I'd be happy to help debug this if you can point me in the right direction.

The text was updated successfully, but these errors were encountered:

troyschneringer · 2013-06-25T03:05:00Z

Any word on this?

jprante · 2013-06-25T16:43:22Z

Sorry, but I would like to learn what the SQL statement is. In general, it is not possible with the "simple" strategy to update only a part of the records in the SQL statement, all records have to be moved to the ES index. I will work on a better strategy to accomplish partial updates.

osbornm · 2013-07-08T18:00:19Z

@jprante The problem is not that we want only part of the records to be added. We are okay if all the records are removed and added back. The problem we have is that a new record shows up in the SQL results but is not added to ES. We aren't able to find a type of record that triggers this just sometimes it just doesn't show up.

chrisribe · 2013-07-12T17:45:21Z

It would be nice to have a strategy like simple but all subsequent cycle polls would query MySQL with all records bigger than last inserted record "_id" (default 0).

"jdbc" : {
    "driver" : "com.mysql.jdbc.Driver",
    "url" : "jdbc:mysql://10.49.33.168:3306/db",
    "user" : "<user>",
    "password" : "<pwd>",
    "strategy" : "simple",
    "poll" : "15s",
    "fetchsize" : 1000,
    "sql" : "select id as _id, * from users where id > ?",
    "sqlparams": ["$last_id"]
}

This way I think we would have a river that could handle tables with millions of rows when new data is inserted.
I cant see myself using this in production if I need to rescan ALL rows every 5 minutes...

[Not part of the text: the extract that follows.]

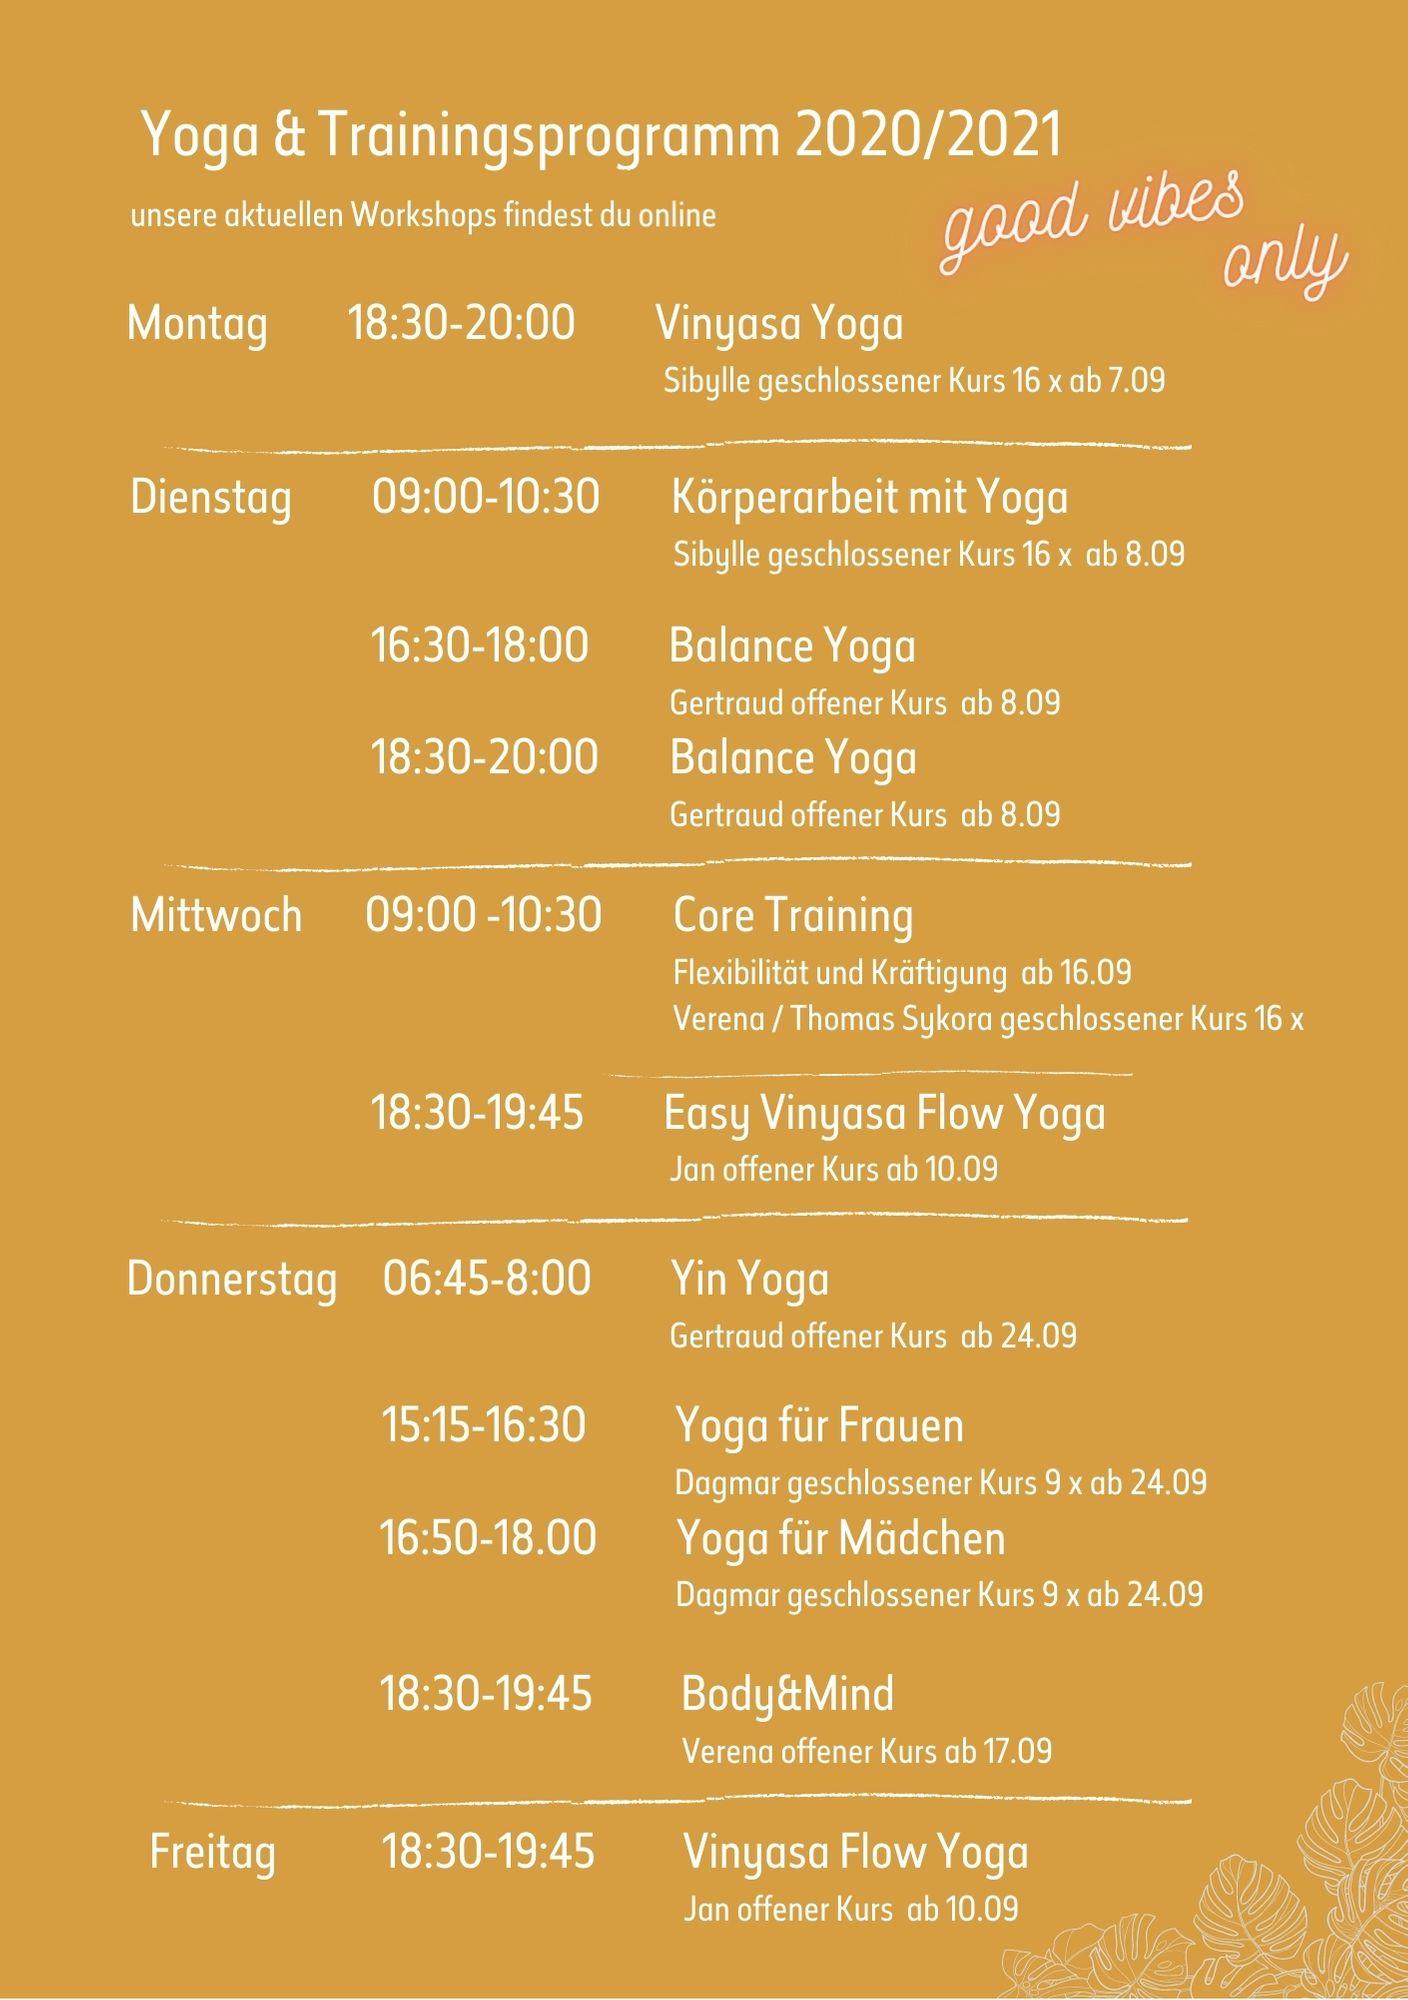 Yoga & Trainingskursplan 2020/21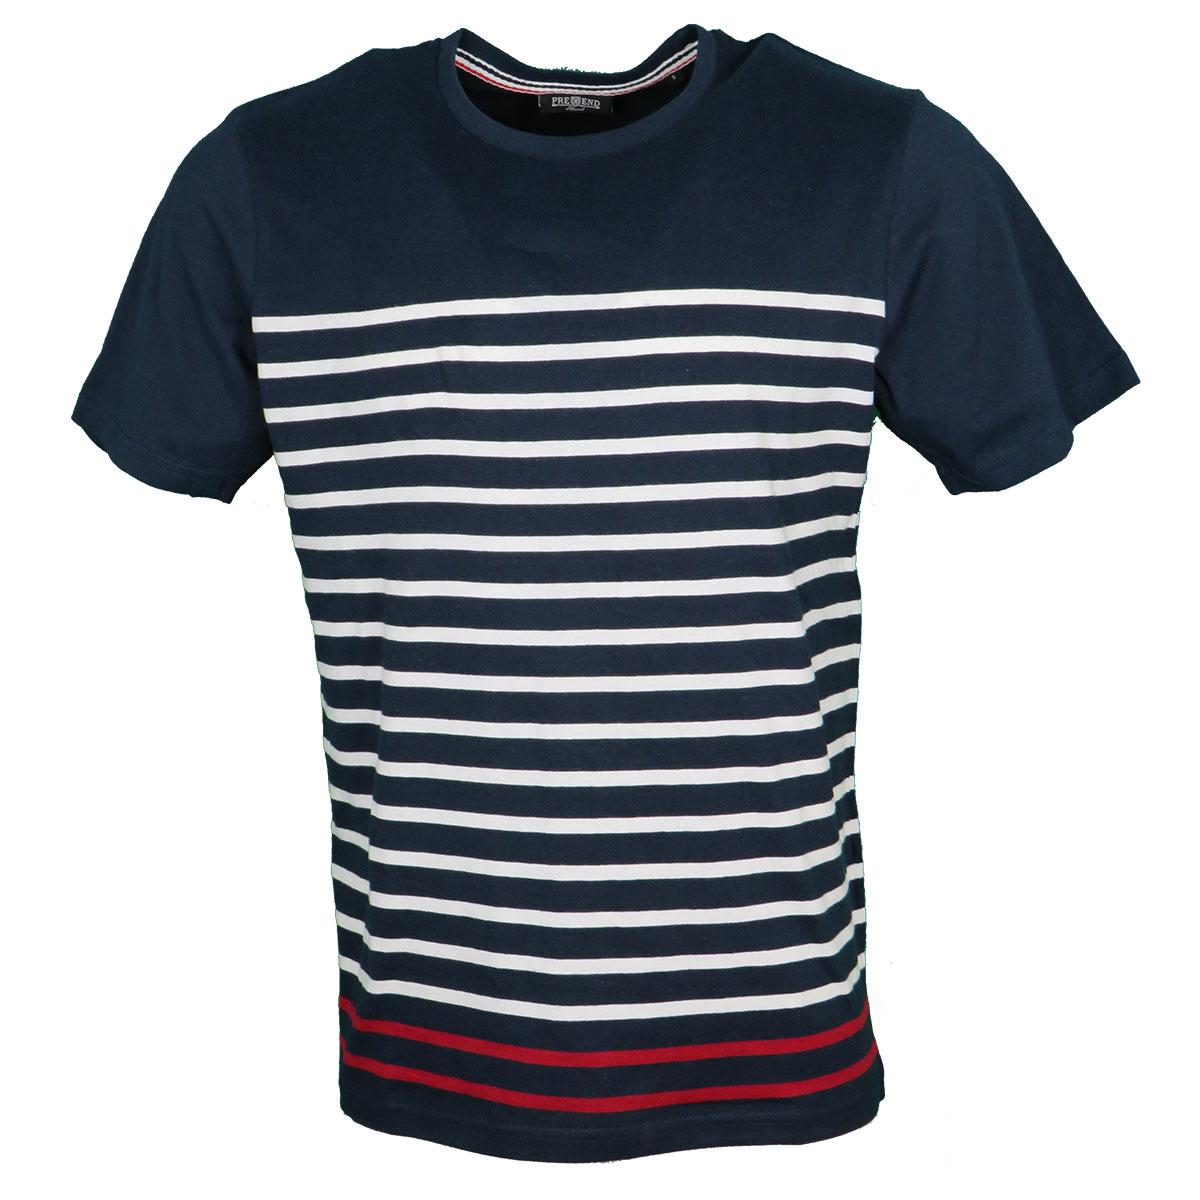 82d0740b15e Pre End 28-100243 Ανδρικό Μπλουζάκι Μπλέ 7050 - Privato

Updates and deletes is another issue, but could probably be handled by the table method (ex: one for updates and one for deletes).

Chris

randywallace · 2013-08-02T05:47:26Z

I agree with @chrisribe ; I have a table that receives more than 400,000 inserts a day, but never an update or delete. As such, with over 1B rows at this point, a regular select * from table is quite impossible.

Since most people will sensibly assign the _id to whatever the PRIMARY KEY is on their schema, selecting rows using the aforementioned method should be quite performant to boot.

jprante · 2013-08-02T06:49:17Z

At the moment, I have implemented two special binding parameters, $job and $now. $job is replaced by the version used for ES (difficult to know from outside), $now is the current time.

For example, in MySQL

"sql" : "select orders.created from orders where TIMESTAMPDIFF(DAY, ?, orders.created) > 14",
"sqlparams" : [ "$now" ]

chrisribe · 2013-08-05T12:51:42Z

Thanks for the new options, but are they in reply to me and "randywallace" ?

Using a TIMESTAMPDIFF of the current day plus or minus 14 days will work but is not the optimal solution. Using the last id ensures you only get the new data. The TIMESTAMPDIFF method will always get the last N records (could be thousands every N minutes) until the datediff range changes. A simple last _id would be best and should not be hard to figure out on your side right ?

Thanks
Chris

jprante · 2013-08-05T15:11:36Z

The JDBC river does currently not track any row ID's or column values related to SQL result rows. Patches are welcome!

chrisribe · 2013-08-05T20:32:15Z

Ok I will look at the code to see where this could be done. But I was not thinking of tracking the SQL values / rows but simply getting the last inserted _id in the target elastic search index via something like $last_id. The river would assume an integer value not a guid.

Thanks for the help.
Chris

Sent from my iPhone

On Aug 5, 2013, at 11:11 AM, Jörg Prante notifications@github.com wrote:

The JDBC river does currently not track any row ID's or column values related to SQL result rows. Patches are welcome!

—
Reply to this email directly or view it on GitHub.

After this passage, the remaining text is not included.